I presume your time issue is to do with subsistence claims as well. If your place at work is defined - seem to be - then that is the closck for the departure time. You should note though that Revenue are looking for properly documented expenses claims. So for mileage and subsistence - date / client / who with and for how long / purpose. 

Also if your business is significant - you would need a tax advisor. One case involved getting correct VAT advice on exports and there was a saving of €100k+


----------



## Paddy199 (30 Oct 2012)

Thats all fine fangs


----------



## fangs (8 Nov 2012)

thank you paddy & wizard.  Audit still ongoing and am holding ground on my approach.  Will let you know outcome, initial vague response from RC was that they would allow reimbursable expenses from client only.  

Yes, have been careful re double compensation, have expense sheets detailing times to and from normal place of work to vendors and have been charging VAT on expenses also.  Its a minefield with very poor clear / guidance from RC.  From my experiences so far I'd rather be dealing with Mr Soprano.


----------



## mandelbrot (9 Nov 2012)

fangs said:


> thank you paddy & wizard. Audit still ongoing and am holding ground on my approach. Will let you know outcome, initial vague response from RC was that they would allow reimbursable expenses from client only.
> 
> Yes, have been careful re double compensation, have expense sheets detailing times to and from normal place of work to vendors and have been charging VAT on expenses also. Its a minefield with very poor clear / guidance from RC. From my experiences so far I'd rather be dealing with Mr Soprano.


 
The situation is fairly clear as they get in taxation terms, but probably confusing to you because you're a small one man company, and therefore the line, between you as a paid employee/director and the separate entity that is the company, is blurred.

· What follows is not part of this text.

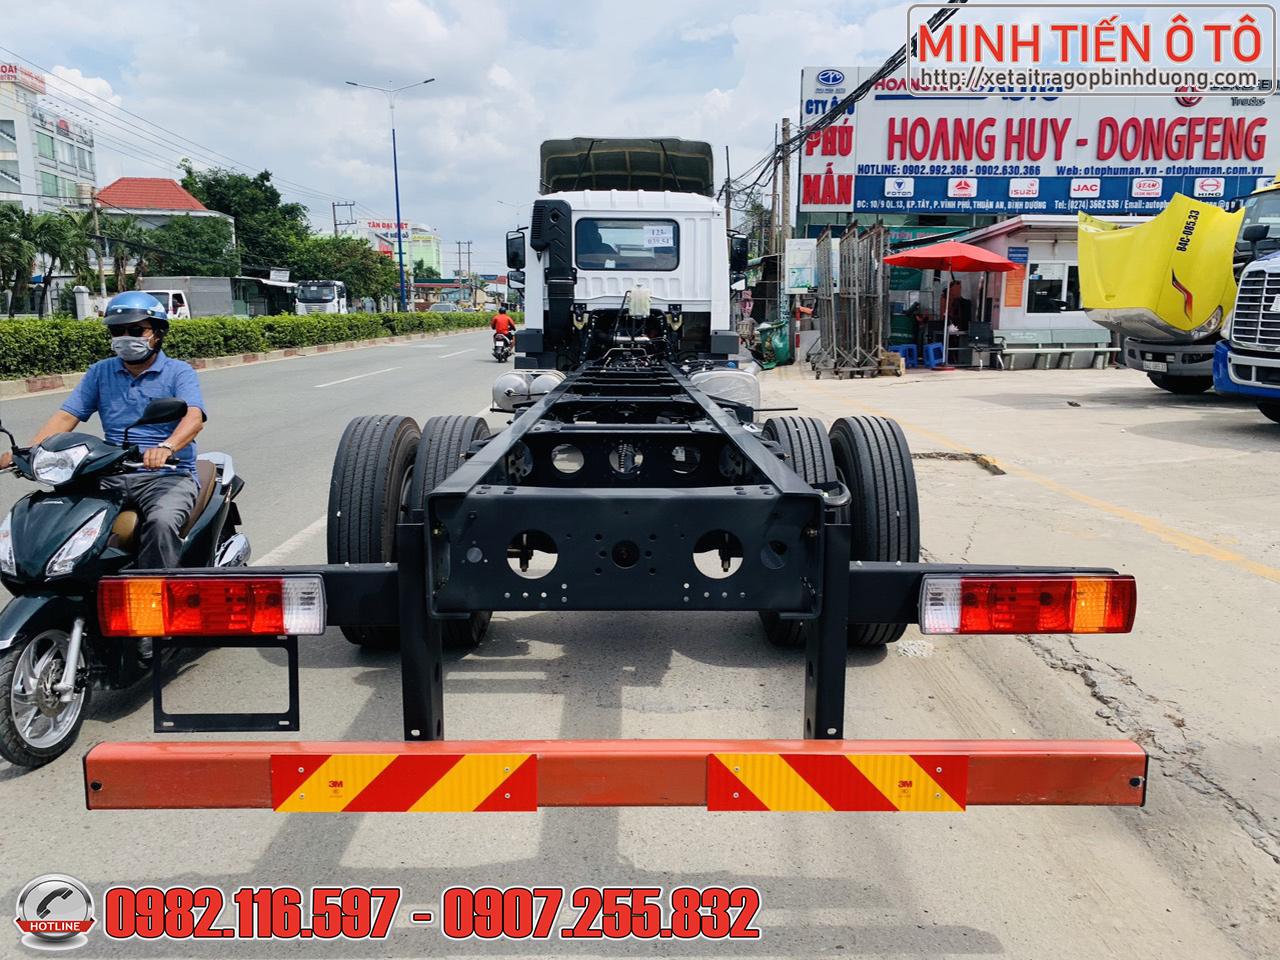 Xe tải 8 tấn chở hàng cồng kềnh - Bán xe tải FAW 8T thùng dài 8 mét - Hỗ trợ ngân hàng 70%

The company has the arrangement with its customer and charges them accordingly, including its out of pocket expenses as agreed, and since these are ancillary to the main supply it accounts for VAT on these as part of the supply to the customer.

Separately, the company employs you as the employee/director, to carry out specific duties, which involve you personally incurring travel expenses etc..., and there are rules governing the rates at which it can reimburse you for these expenses, set out in SP-IT/2/07 ([broken link removed])

From what you've posted it sounds as though you're beyond reproach on this issue anyway.


----------



## fangs (12 Nov 2012)

Thank you for the reply Mandelbrot.  Your response is what I had  presumed and had been applying since I setup the company nearly ten  years ago.  I began to doubt myself when my accountant told me the auditor indicated that they would allow reimbursables only.  Mind, the  auditor did not say anything in writing or it has yet to come to a  head.  My impression is that the auditor is trying to soften me up.  My  accountant is pushing for a meeting now to force the issue or finalise  the audit.  

Does anyone here have experience of the review or  appeals procedure should it come to that.  I've read the revenue  guidelines but would value hearing any first hand experiences.  It seems  to me that the particular auditor I'm dealing with is playing games and using  scare tactics and it may come to a point where I have to call their  bluff so they get a bit real.  The scenario above is just one example  where I feel my entitlements are being denied or where I think the  auditor is being unreasonable.

My accountant has written to the auditor last week reaffirming my position, we'll see what the response is.  I'll let you know.


----------



## bazermc (13 Nov 2012)

fangs said:


> I'm a single person PLC.


 
How is that possible? a PLC is public limited company that will have multiple shareholders sold the general public!!!!!


----------



## 44brendan (13 Nov 2012)

PLC can also = Private Limited Company


----------